G'day wise men and women, seeking some help and advice on a tv cabling query.  
I've almost finished building the shed / man cave / footy watching retreat and am planning to run a variety of cabling from the house to the shed including tv and data.  
I'm looking for the right cable to run a Foxtel feed from the house to the bar room - about 70m total length required. What sort of cable do I need - I'm getting very confused by the different flavours available - rg6, rg59, 1505a, quad sheild etc etc.  
The cable will be buried in conduit for about 50m so I'm keen to get it right the first time around as you can imagine.  
Thanks very much for your help. 
Cheers
Dylan

----------


## Uncle Bob

I think I'd just run a Cat 5 or 6 cable out there, then use some sort of A/V digitiser.

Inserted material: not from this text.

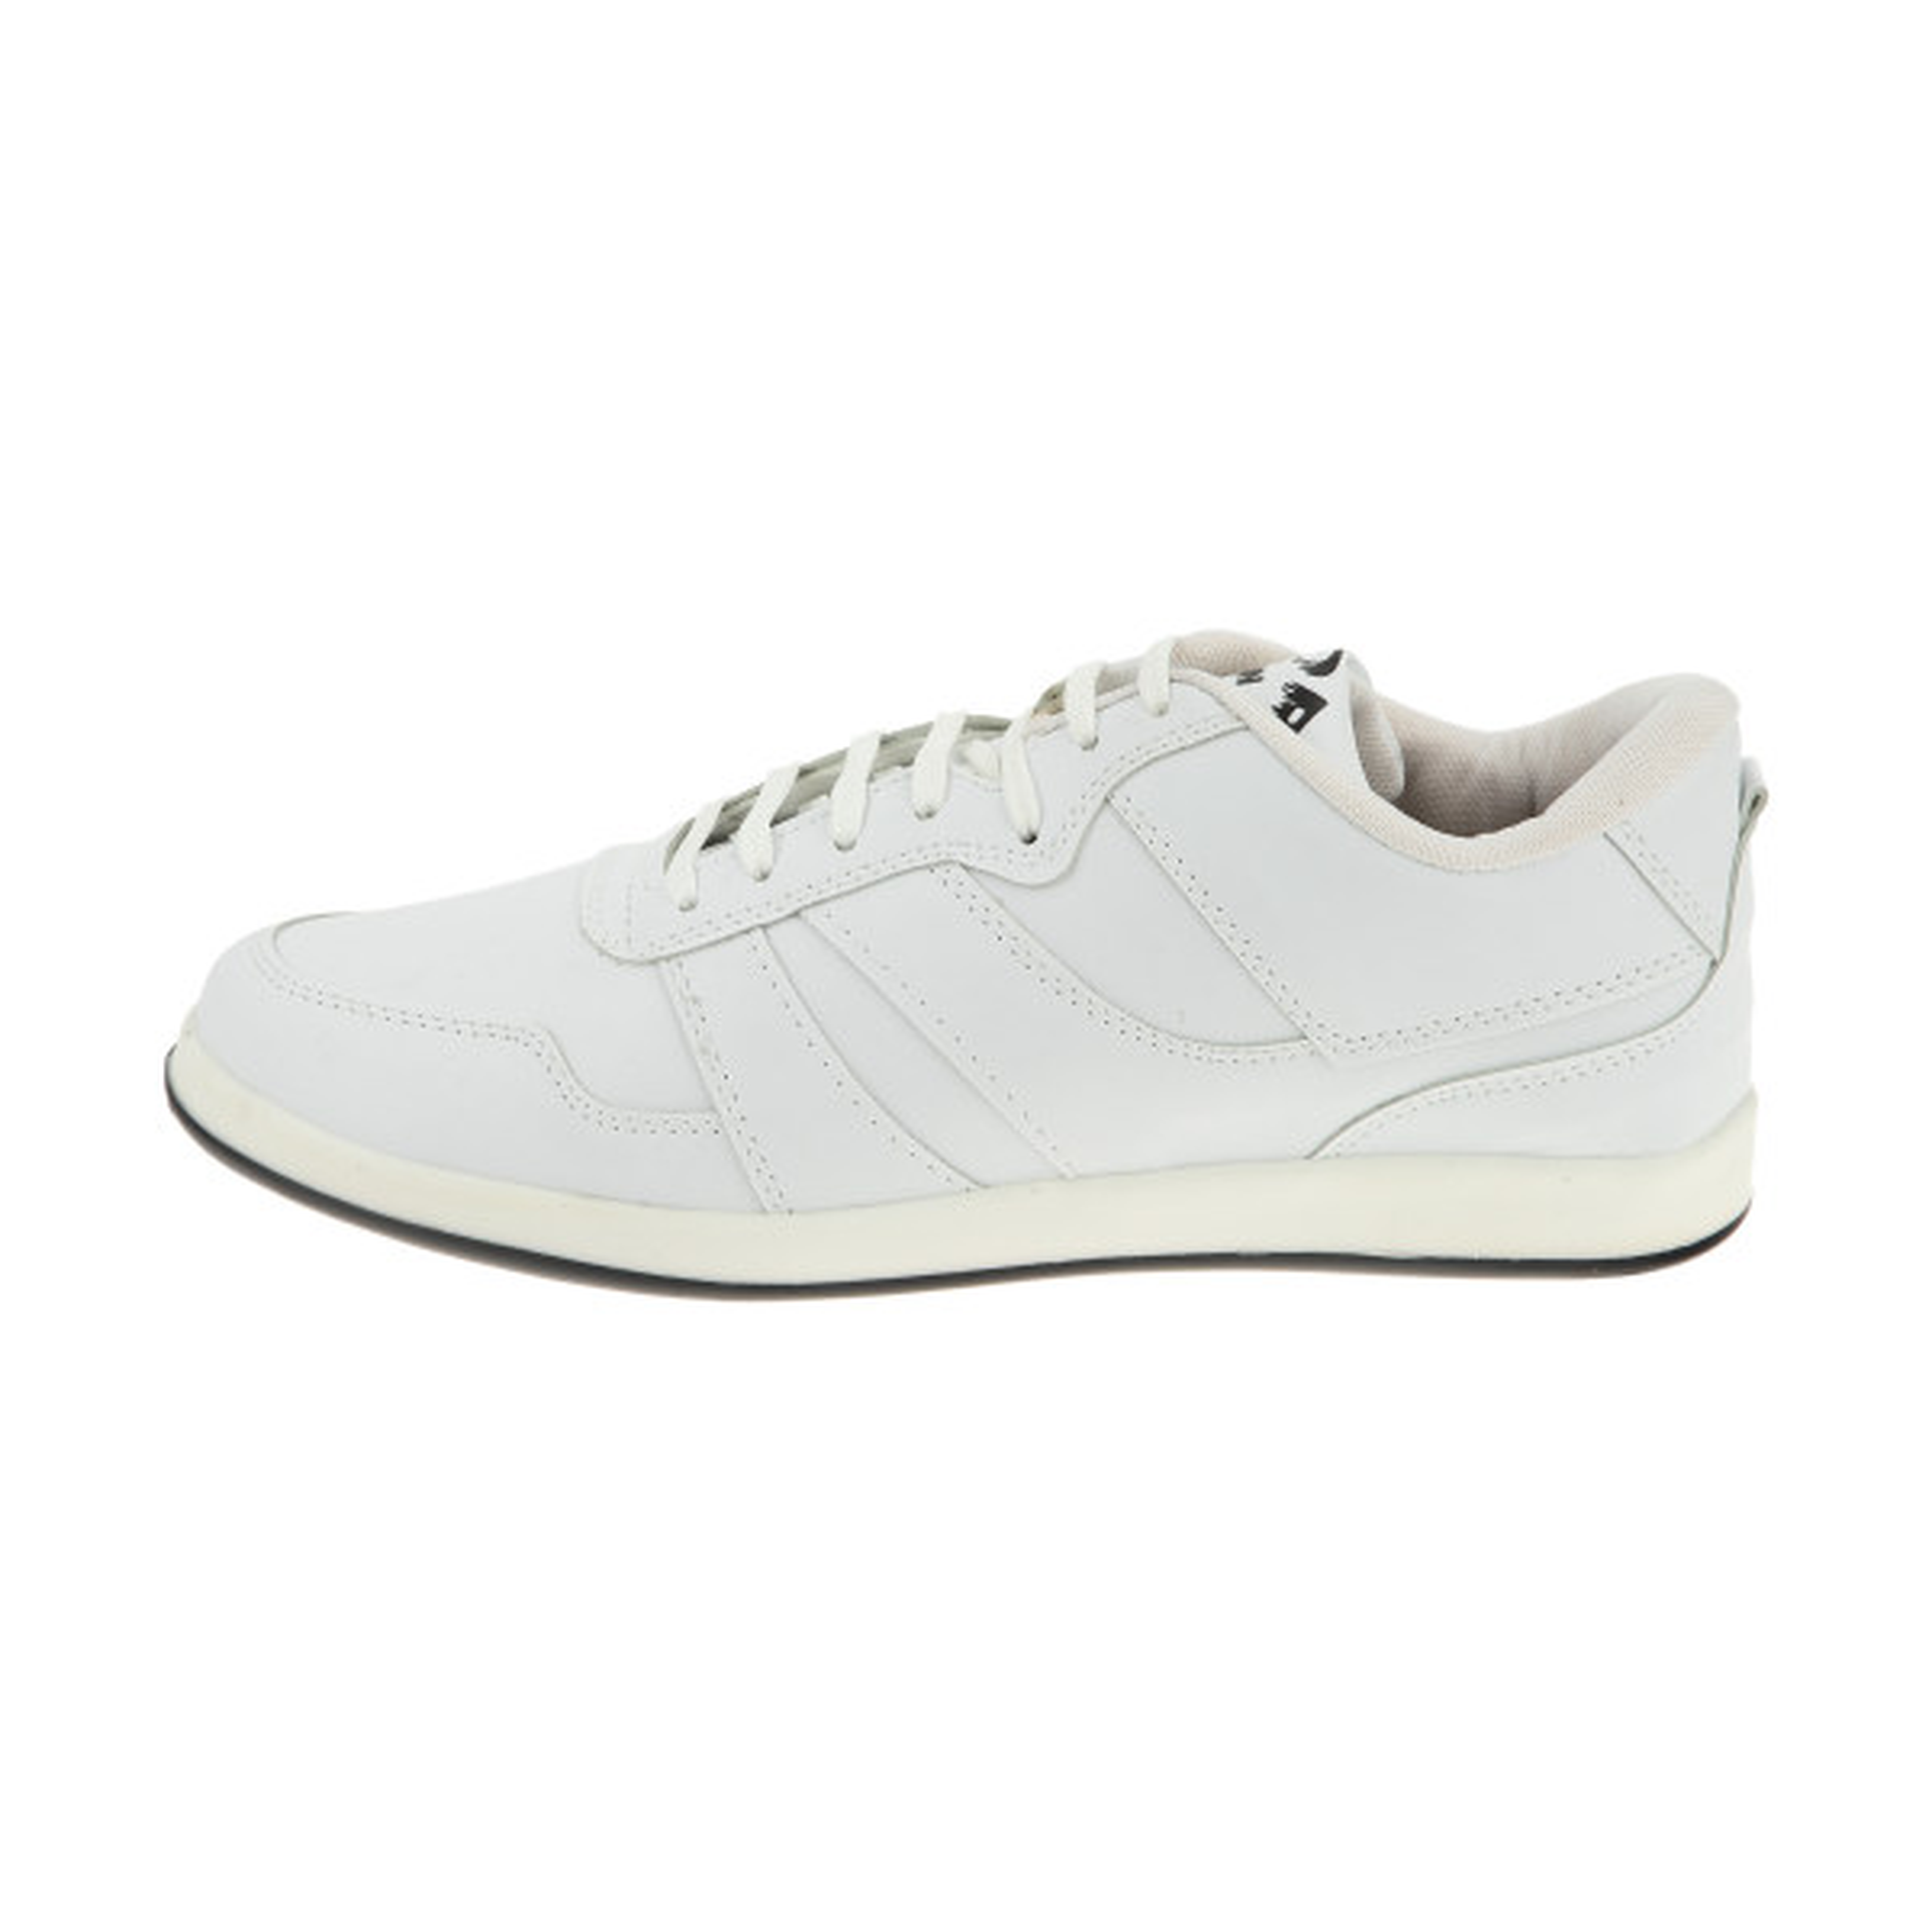 کفش روزمره مردانه اسپرت من مدل 39793-1-4

Personally at home and over the internet I use one of these;  Monsoon Multimedia Vulkano - Watch YouTube on your TV 
It's good watching sport at work on the projector  :Wink:

----------


## Armers

Are you putting another foxtel box out there or you splitting the picture from one box two to locations?  
Also Is it cable tv or sat dish foxtel? 
Cheers

----------


## ddixon

Thanks for the replies. I was just planning on splitting the picture and (if possible) setting up some form of remote control repeater if that makes sense. And it's satellite tv as well. Thanks again, appreciate any suggestions or info. 
Cheers

----------


## Armers

6cat baluns with IR pass through. The only IR device that will work 100% of the time with foxtel is the Resi-linx branded gear. Yes its a little more expensive but its great. I've used many others but this one is the only one i know will work.  
The RL-BV100A will work as your transmitter and receiver as a composite signal. If you want to go component then use a RL-BV200 (you'll need digital audio in and out for this one).  You'll then need to get an IR distribution block example RL-IR100.. all this will work on an single Cat6 run to your shed. The only thing you need to be aware of is your 100 meter limit on your Cat6... Keep it as short as you can and you'll be fine!  
Last but not lest if you don't give a sheet about pic or audio quality just invest in an RF modulator and run a single coax cable.  
cheers

----------


## ddixon

Legend, thanks very much Armers. Although most of that went over my head, it's brilliant info for a little bit down the track.  
In the meantime, as I understand it, all I need to do is get cat6 cable in conduits from the house to the shed? Any particular type of cat6 cable I need to get or is that a stupid question.  
And we won't run over 100m length so that shouldn't be a problem.  
Thanks again
Cheers

----------


## Armers

Google is your friend  :Biggrin:  
You "should" be using flooded cat6.. which is rated to go underground. But if you make the conduit accessible normal cat6 will be fine, just be don't be surprised if you have to replace it every 18 months or so..  
BTW there are no stupid questions... although you might get a stupid answer  :Biggrin:  
Cheerd

----------


## Uncle Bob

> although you might get a stupid answer

  Yep, probably from me  :Wink:

----------


## Moondog55

Query for you Armers
If the conduit is properly joined and sealed why do you need to use the WR rated cable? I thought that sealing the conduit would keep the water out? It seems to work like that for power cable why not data?

----------


## Armers

Moondog55;  
ehhhhhhhh One of those rules in S009 section 18  
"A Customer cable installed underground, whether or not installed in couduit, other then coaxial cable, a blown fiber tube or a special application cable *shall* meet the requirements of S008 for UV resistance; and water penetration" 
can give more info if you want  :Biggrin:

----------


## Moondog55

Maybe in the future when/IF we redo the shed and mancave.  
As always better to do it right first time than redo at great expense down the track

----------